If it can be effectively argued that interactions across a community can play a critical role in the sociocultural development of a student’s learning, then we can deduce that students can create valuable meaning from activities and experiences that require socialization (Vygotsky, 1978). By providing international field experiences that are predicated on sociocultural interactions in unique and novel situations, students can employ prior knowledge and understandings from their own context to mediate and create critical thinking opportunities as they are confronted with rich and immersive contexts. For example, when students are encouraged to engage and teach in study abroad opportunities, structured cross-cultural experiences can provide added benefits for preservice teachers in their realization of new perspectives that reverse stereotypes and dispel misconception (Walters, Garii, & Walters, 2009).

Rising Above the Gathering Storm, a National Academies report, articulated that the United States is falling short in providing effective STEM education to both our teachers and our students (National Academy of Sciences, National Academy of Engineering, and Institute of Medicine, 2007). In recent years, dramatic efforts to promote discourse, research and practice in STEM education have increased.

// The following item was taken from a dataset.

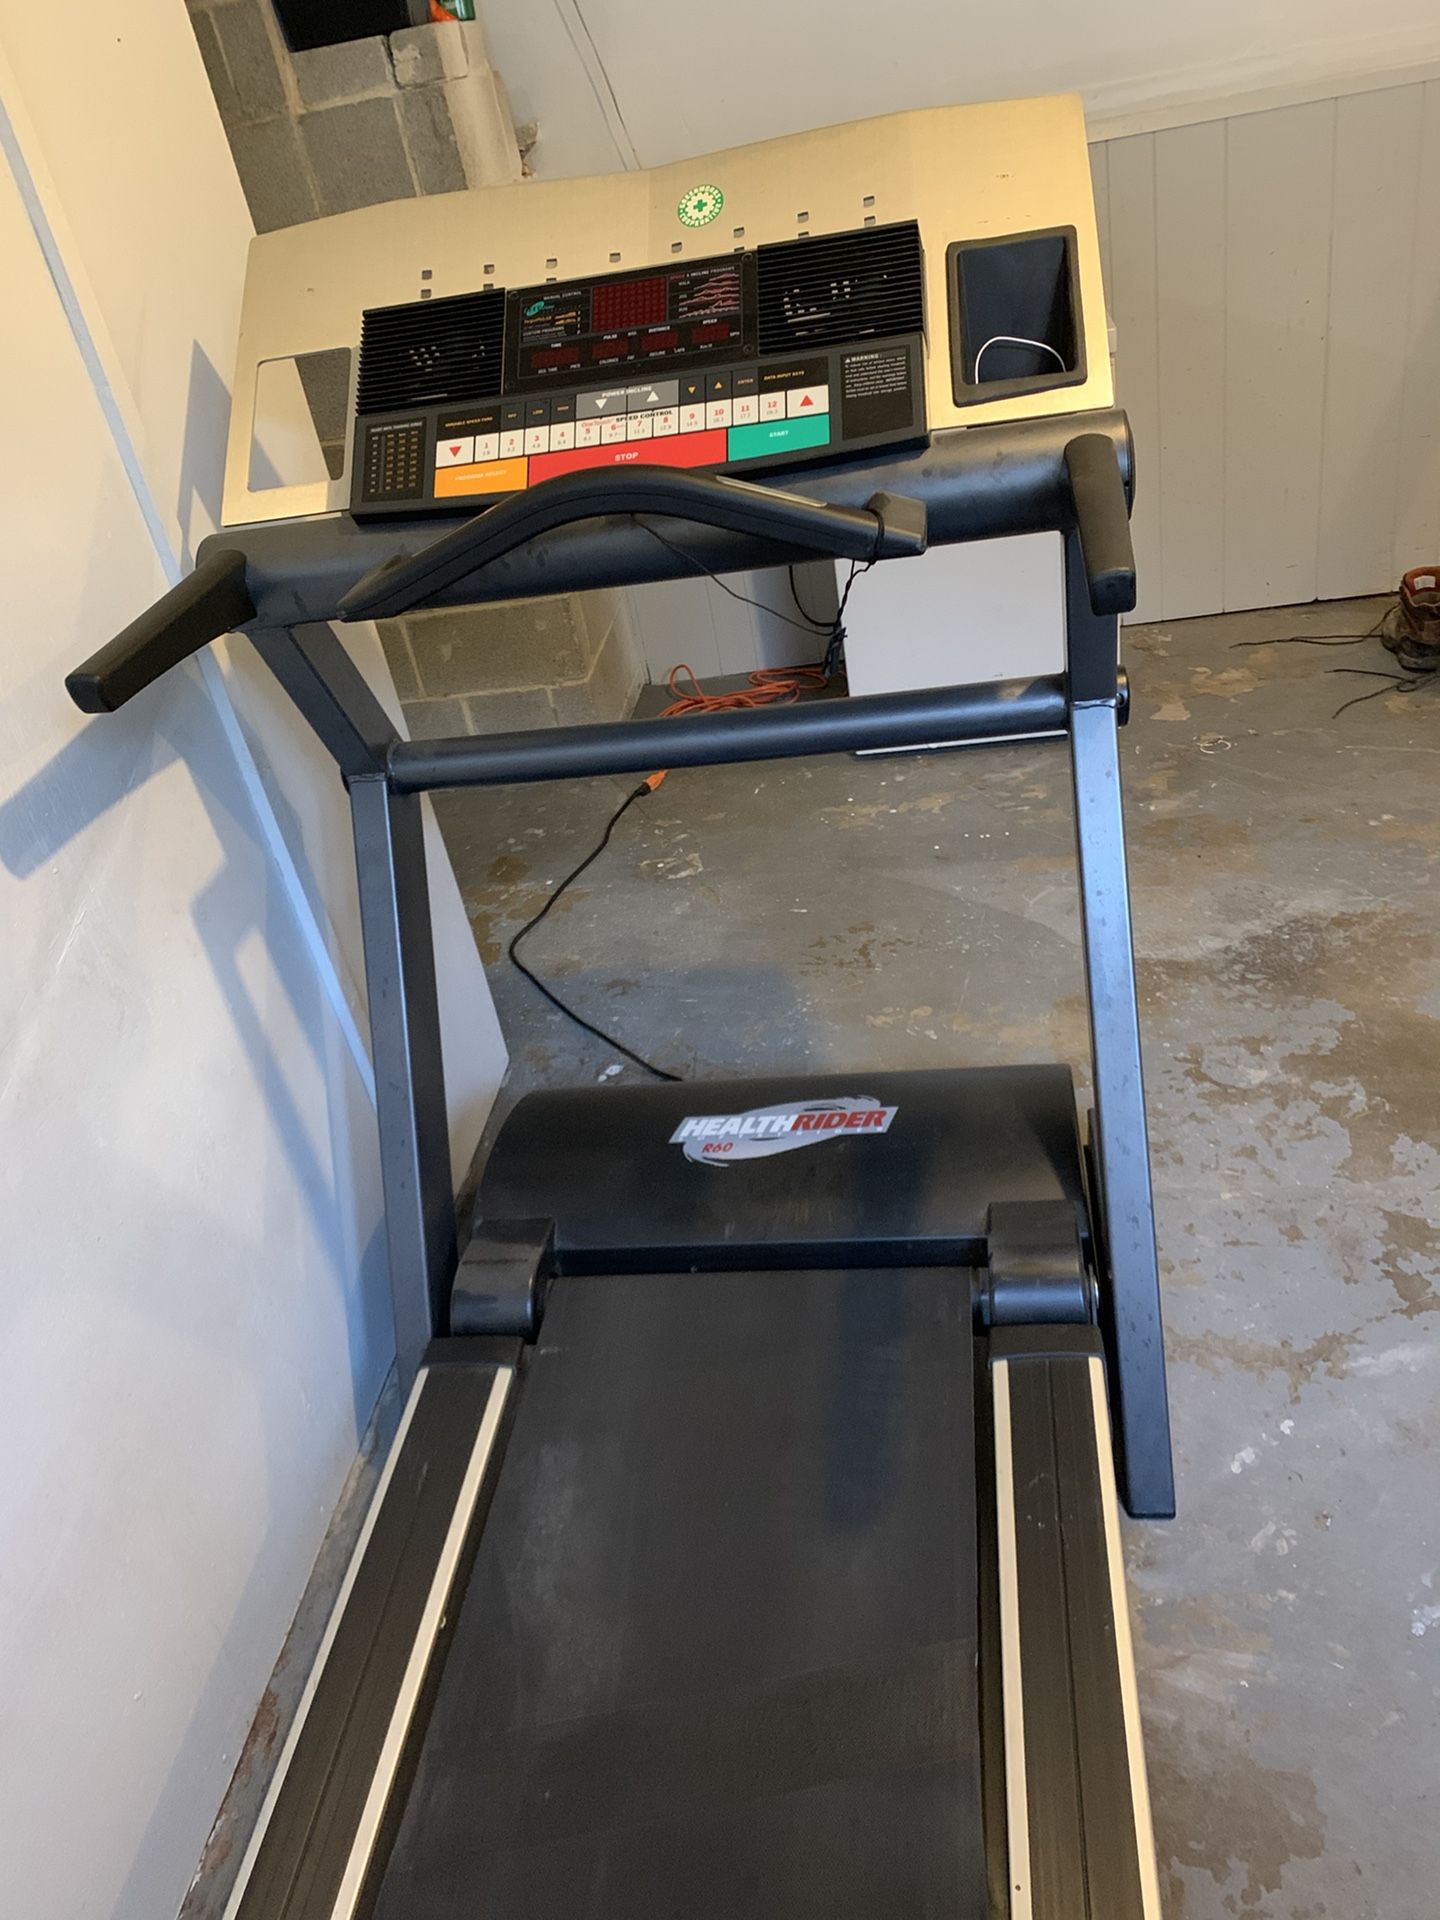 Treadmill, Health Rider
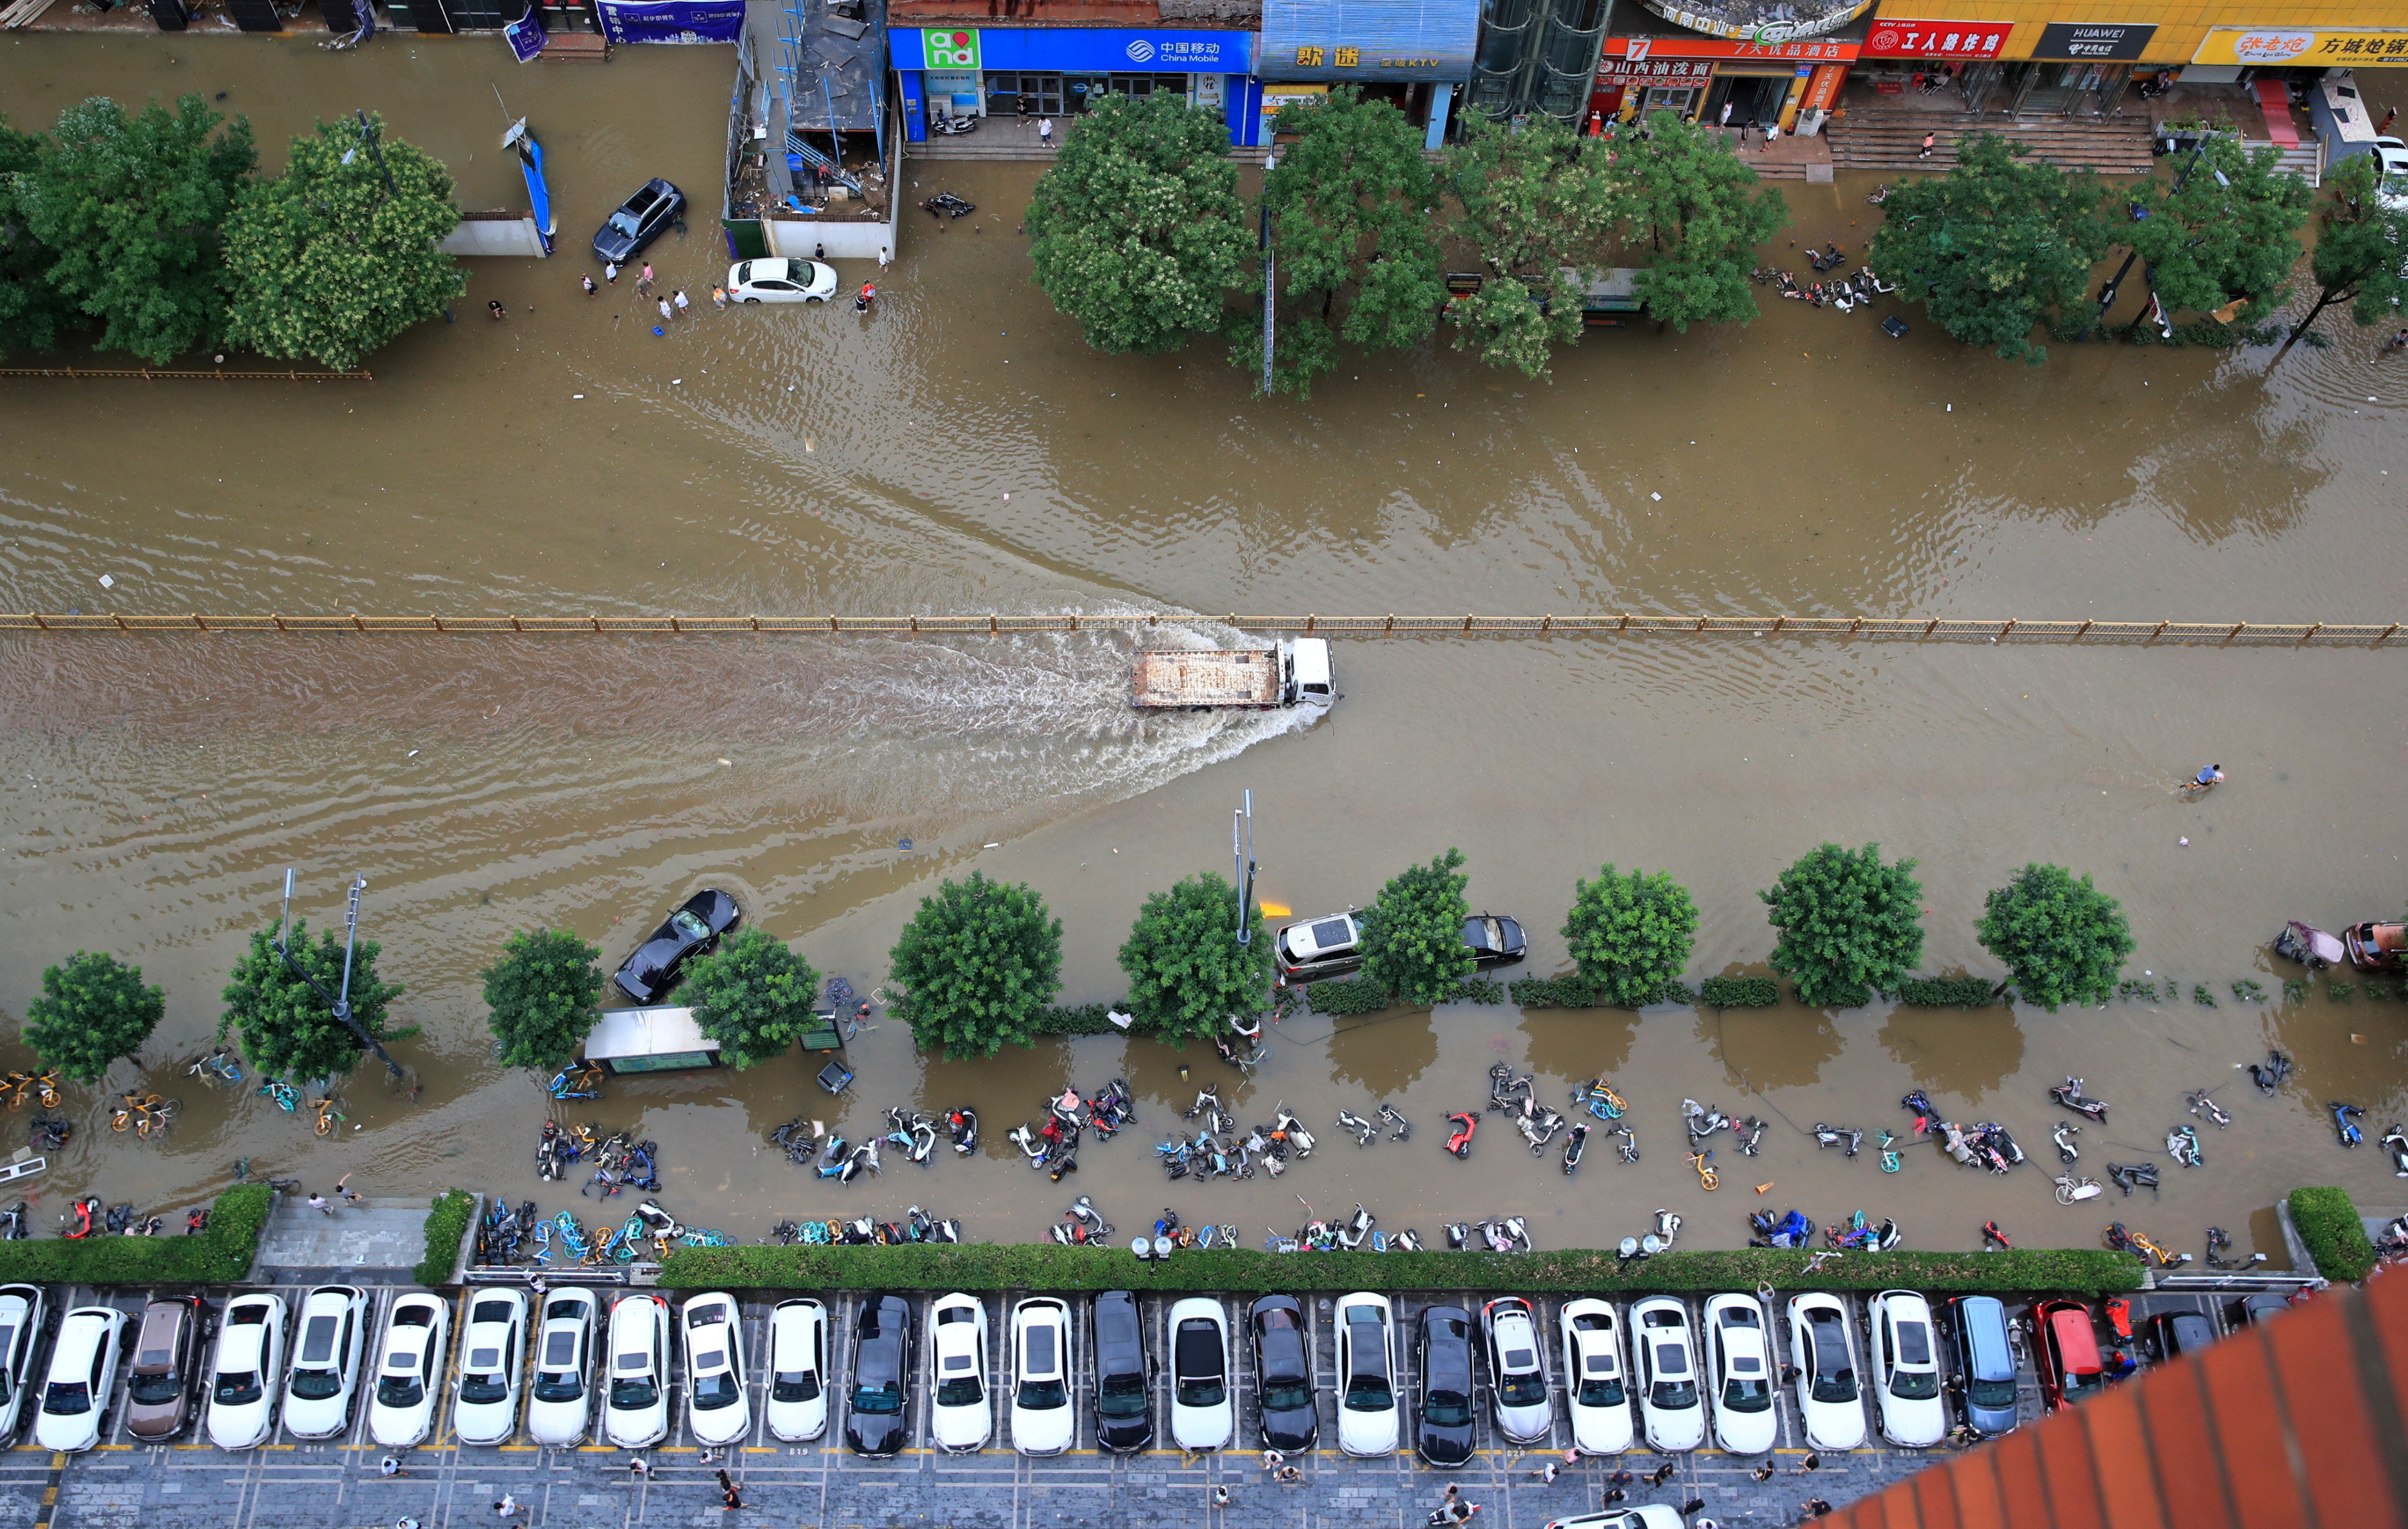 鄭州,極端氣候,西歐,洪水,河南省,供應鏈,iPhone,富士康,地鐵,淹水

The White House alone has invested substantial financial resources (2.9 billion dollars) into STEM efforts in the hope that this will lead to effective practice (Office of Science and Technology Policy, 2014). Educational reform efforts include the development of a comprehensive national curriculum for both science and mathematics that reflected the need for an integrated STEM approach (National Research Council, 2012). It can be argued that reforms in STEM education removes the traditional barriers that separates the four disciplines and relies on the intersection of disciplines leading to interdisciplinary solutions to existing real-world problems (Breiner, Johnson, Harkness, & Koehler, 2012).

Key Terms in this Chapter

LMS: Learning management system.

Pedagogical Strategies: Methods for teaching and learning.

K-12: Educational system that includes kindergarten through twelfth grades.

Traditional STEM Field Experiences: STEM education programs based on face-to-face instruction in university classrooms or labs, where students are assigned to local schools where they participate in a K-12 STEM area classroom.

Field Experiences: Opportunities for students to apply knowledge within an authentic environment.

Online STEM Field Experiences: STEM education programs based on online instruction in university classrooms or labs, where students are assigned to a school in their own geographical to participate in a K-12 STEM area classroom and document this for assessment in an online LMS.

Stem Education: Education which is based in the fields of science, technology, engineering, and mathematics.